The size distribution of the Neptune Trojans and the Missing Intermediate-Sized Planetesimals

Scott S. Sheppard, Chadwick A. Trujillo

Research output: Contribution to journalArticlepeer-review

50 Scopus citations

Abstract

We present an ultra-deep survey for Neptune Trojans using the Subaru 8.2 m and Magellan 6.5 m telescopes. The survey reached a 50% detection efficiency in the R band at mR = 25.7 mag and covered 49 deg2 of sky. mR = 25.7 mag corresponds to Neptune Trojans that are about 16 km in radius (assuming an albedo of 0.05). A paucity of smaller Neptune Trojans (radii < 45 km) compared with larger ones was found.
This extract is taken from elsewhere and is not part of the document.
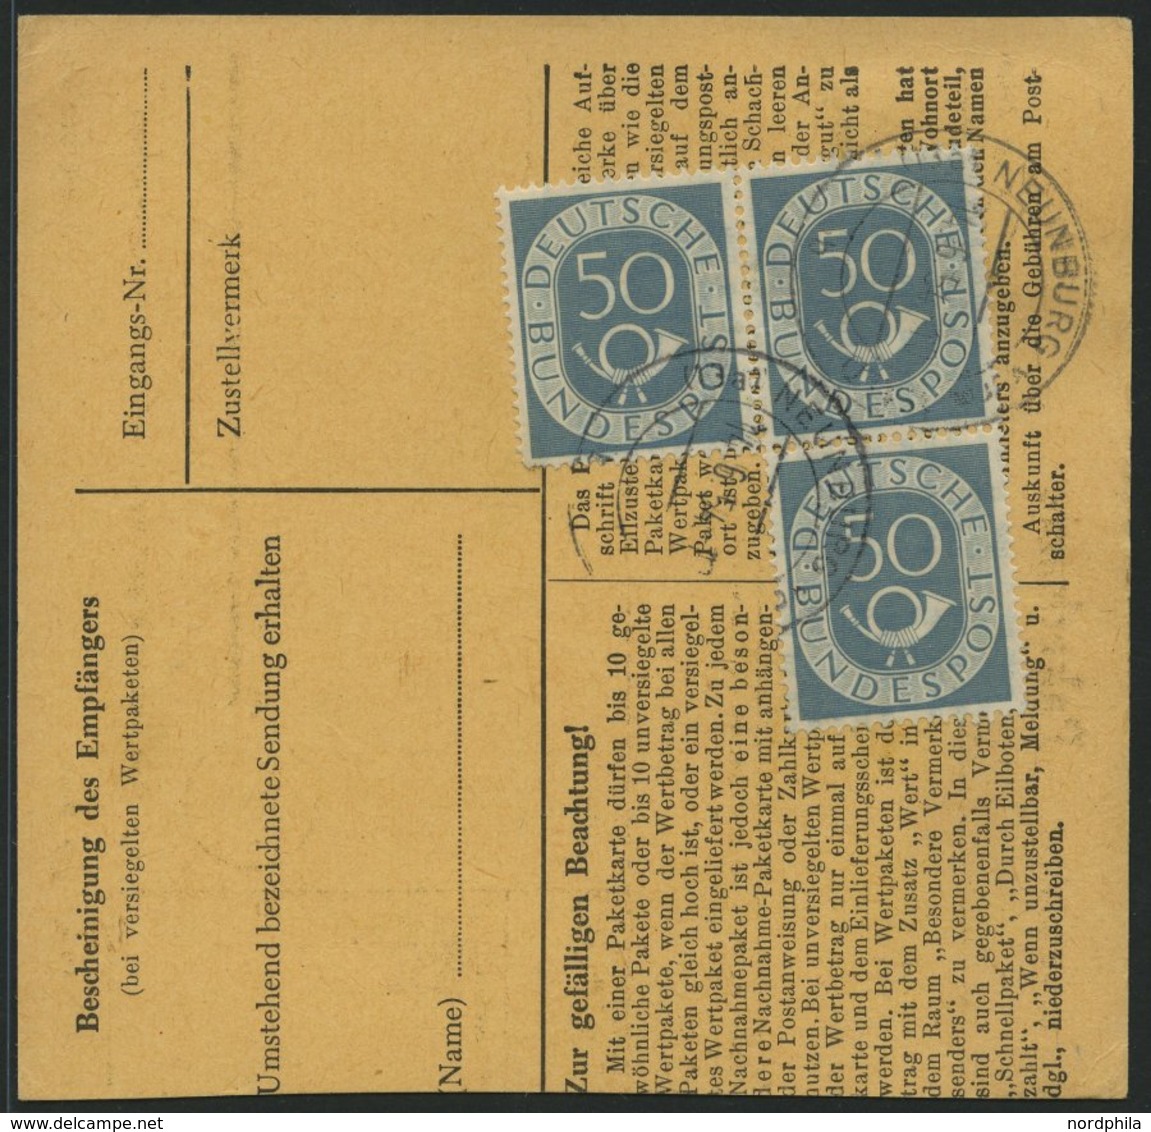 BUNDESREPUBLIK 134 Paar BRIEF, 1954, 50 Pf. Posthorn, 4x, Dabei Ein Dreierblock, Als Mehrfachfrankatur Auf Paketkarte Au - Used Stamps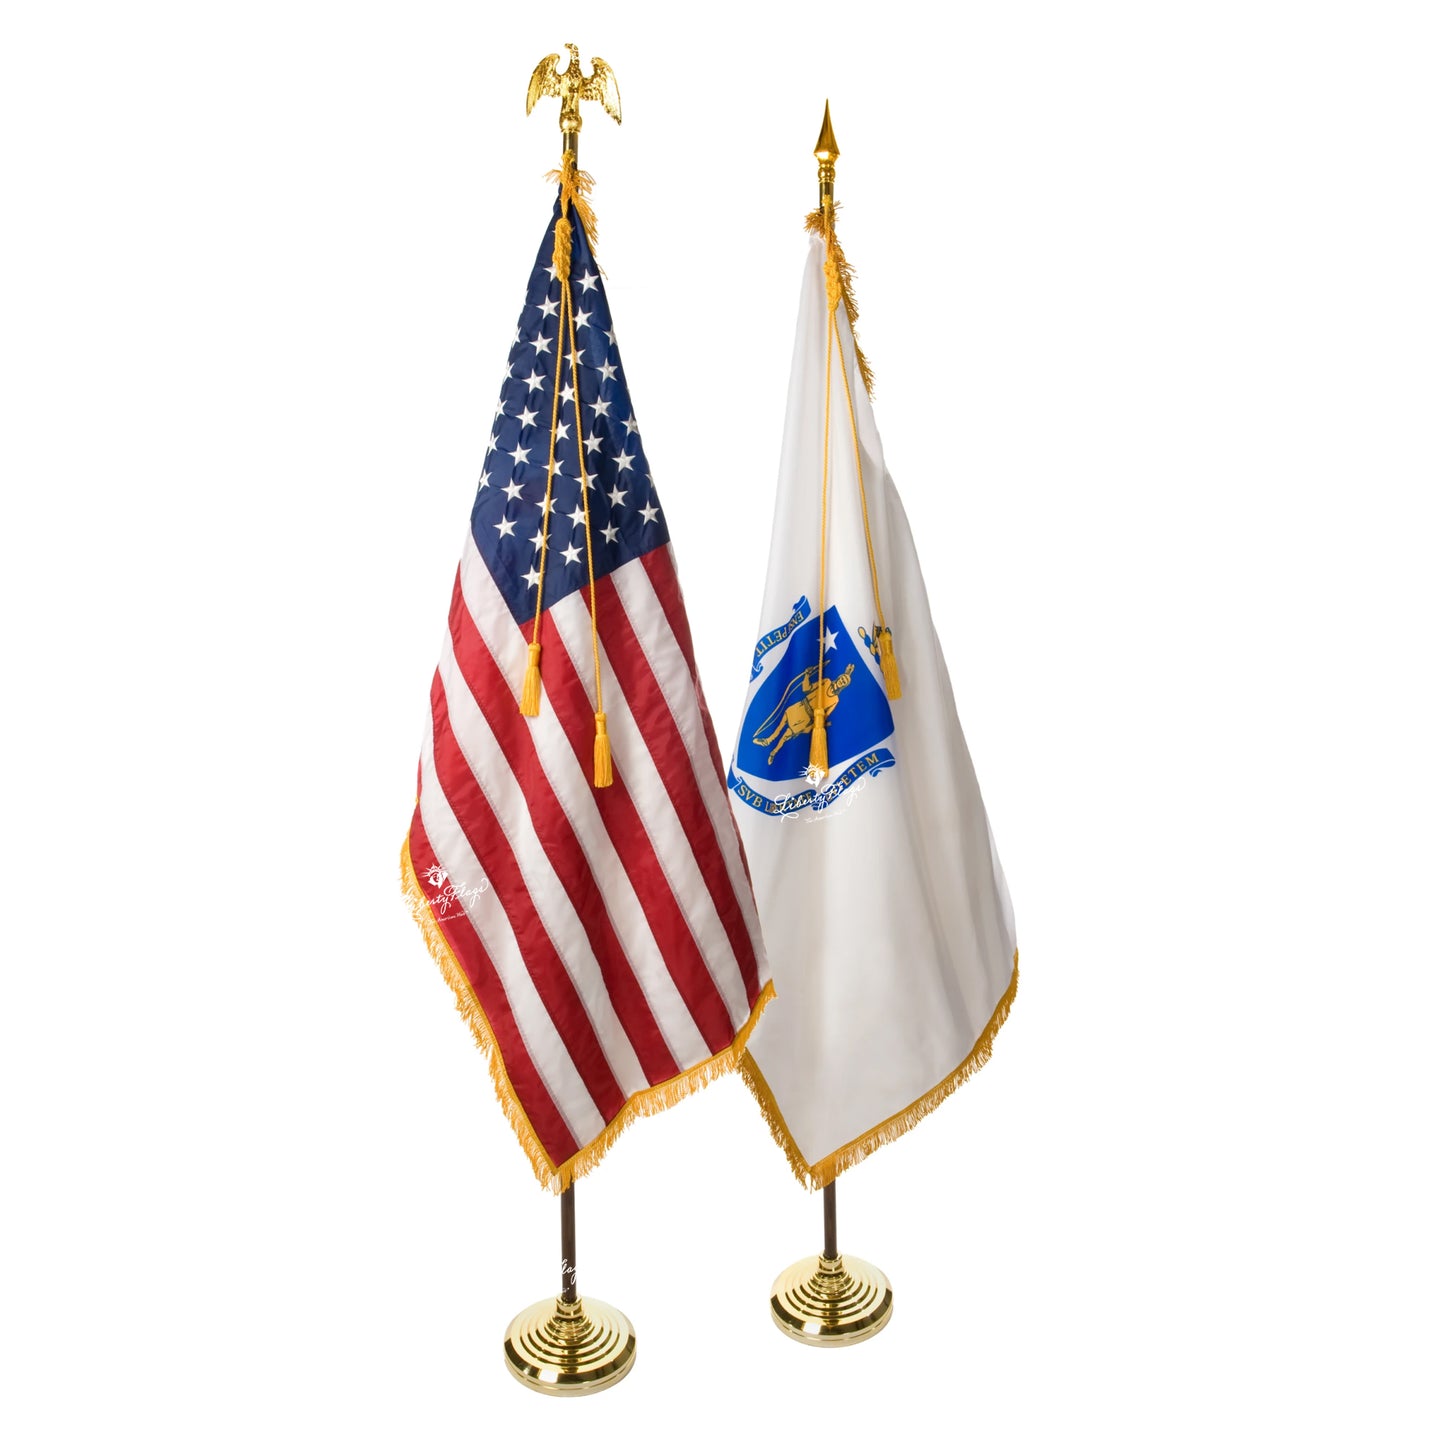 Massachusetts and U.S. Ceremonial Pairs

The brightest Neptune Trojans appear to follow a steep power-law slope (q = 5 ± 1) similar to the brightest objects in the other known stable reservoirs such as the Kuiper Belt, Jupiter Trojans, and main belt asteroids.We find a roll-over for the Neptune Trojans that occurs around a radius of r = 45 ± 10 km (mR = 23.5 ± 0.3), which is also very similar to the other stable reservoirs. All the observed stable regions in the solar system show evidence for Missing Intermediate-Sized Planetesimals (MISPs). This indicates a primordial and not collisional origin, which suggests that planetesimal formation proceeded directly from small to large objects. The scarcity of intermediate- and smaller-sized Neptune Trojans may limit them as being a strong source for the short period comets.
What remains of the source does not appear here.